A federal judge temporarily blocked border patrol Monday from removing barbed wire placed on the border by Texas state authorities.
The state sued the Biden administration last week over the government’s practice of cutting wire Republican Texas Gov. Greg Abbott instructed state authorities to place along the border in response to increased illegal crossings.
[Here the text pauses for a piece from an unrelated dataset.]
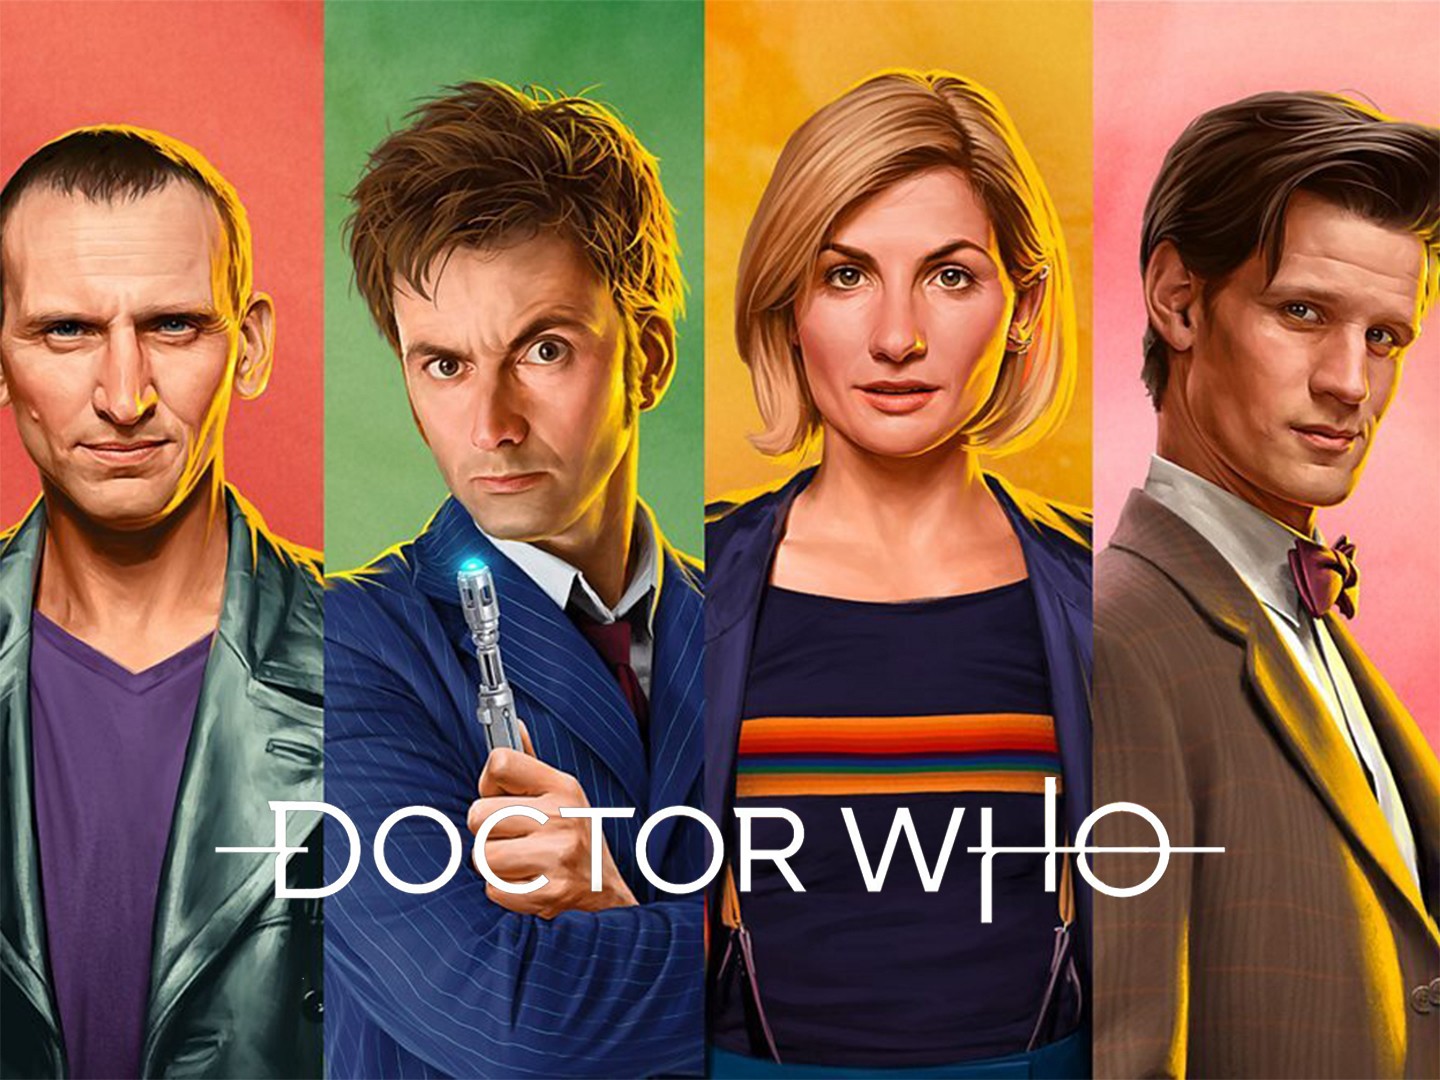 Prime Video: Doctor Who - Season 12

In an 11-page order, U.S. District Court Judge Alina Moses, a George W. Bush appointee, temporarily blocked the Biden administration from “disassembling, degrading, [or] tampering with” the wire and set a hearing for Nov. 7 to consider the issue in greater depth.
For the moment, Moses said the only “harm” the court needed to consider is “the cost of the destruction of the Plaintiff’s property, which is the wire barrier.” (RELATED: Texas Sues Biden Admin For Cutting Border Wire Placed By State Officials)
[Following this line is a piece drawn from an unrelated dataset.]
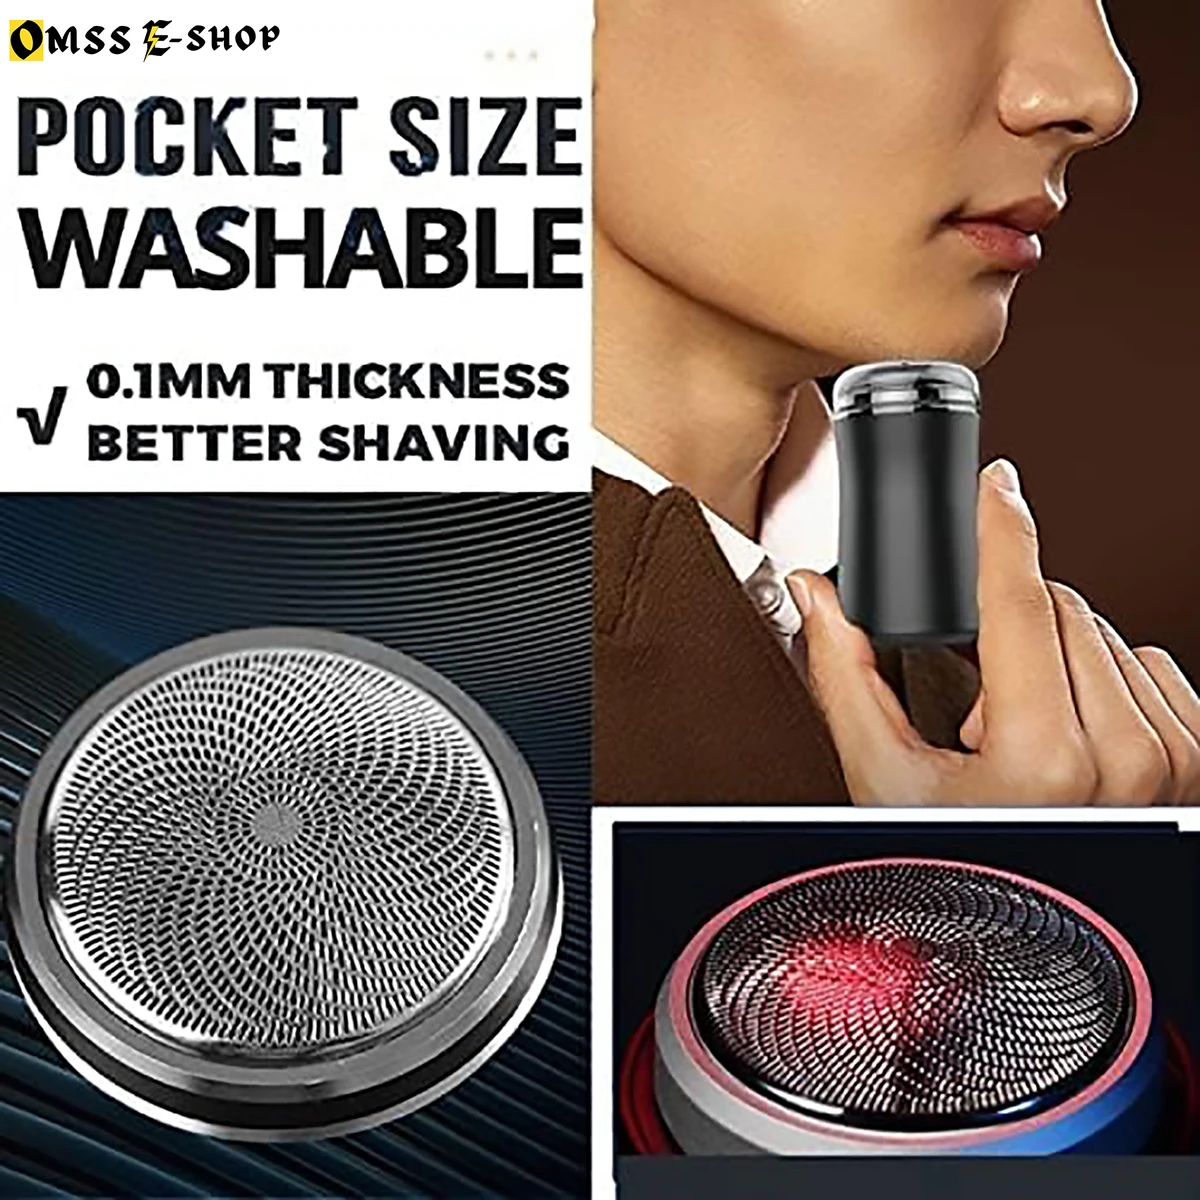 Portable Pocket Size Waterproof Electric Razor

🚨🚨 BREAKING NEWS – Federal judge issues emergency Temporary Restraining Order against #BidenAdministration prohibiting @DHSgov @CBP from “disassembling, degrading, tampering with” #Texas concertina wire barriers. @TPPF is co-counsel with @TXAG on behalf of the State of Texas https://t.co/2sdlvF3PtW pic.twitter.com/SD6Zp1cvCh
— Robert Henneke (@robhenneke) October 30, 2023
“The Court is mindful, however, that the Defendants enacted an extensive scheme, which includes immigration enforcement and the interdiction of migrants,” the judge wrote. “The question then becomes how much ‘harm’ should a state bear if the Defendants are unable to meet their obligations of securing the border and controlling the flow of migrants into the country.”
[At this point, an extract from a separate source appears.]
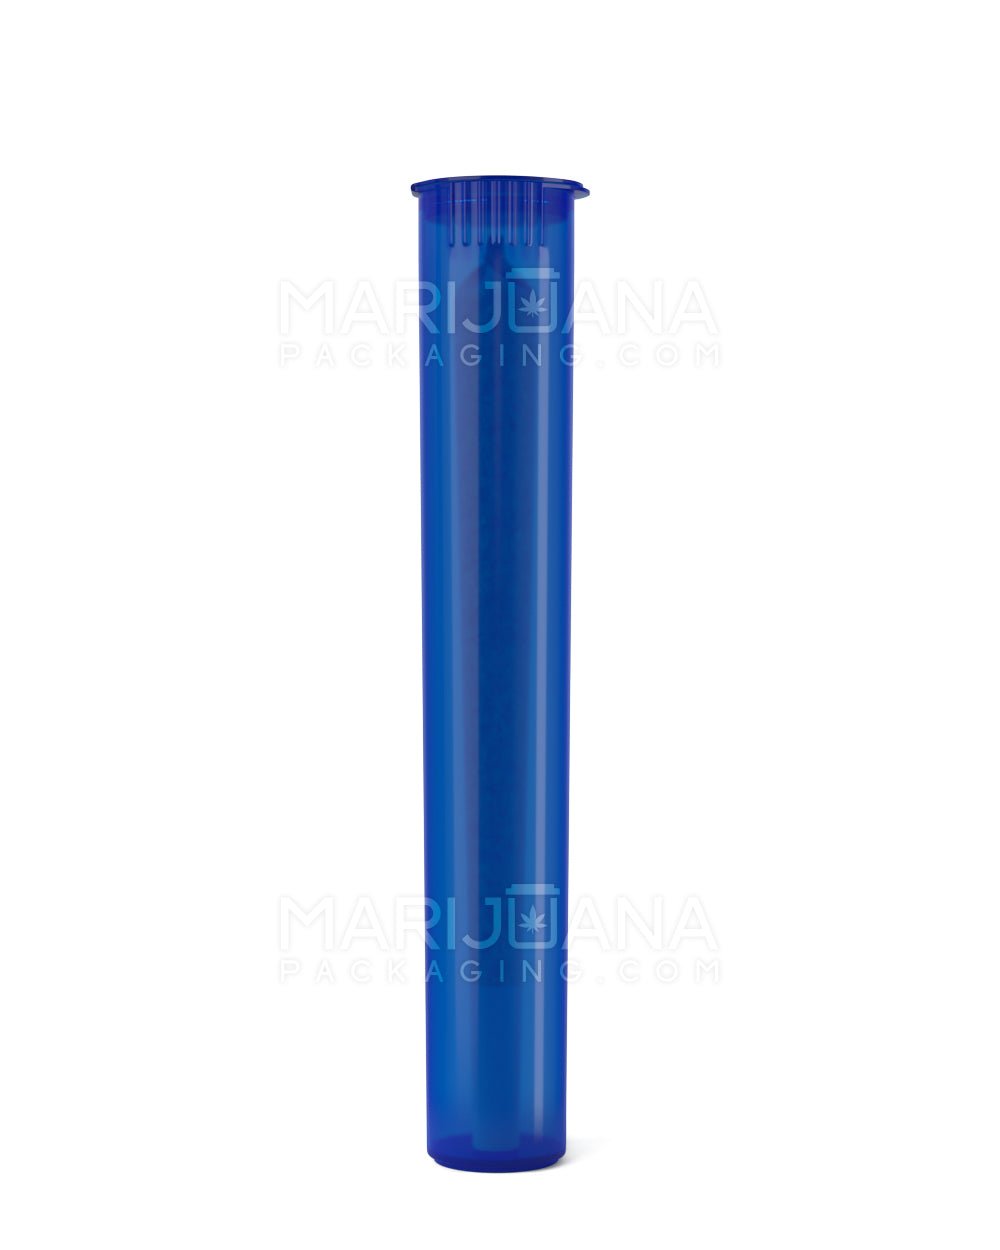 Child Resistant | King Size Pop Top Translucent Plastic Pre-Roll Tubes | 116mm - Blue - 1000 Count - 3

The Nov. 7 hearing to consider a preliminary injunction will deal with “the intersection of: the private property rights of the persons consenting to the placement of the concertina wire on their land, the Plaintiff’s right to assist private property owners and avoid costs to the Plaintiff; and the Defendants’ responsibilities over national security and border security, and its powers to effectuate its duties, up to and including the destruction of private or state property,” Moses wrote.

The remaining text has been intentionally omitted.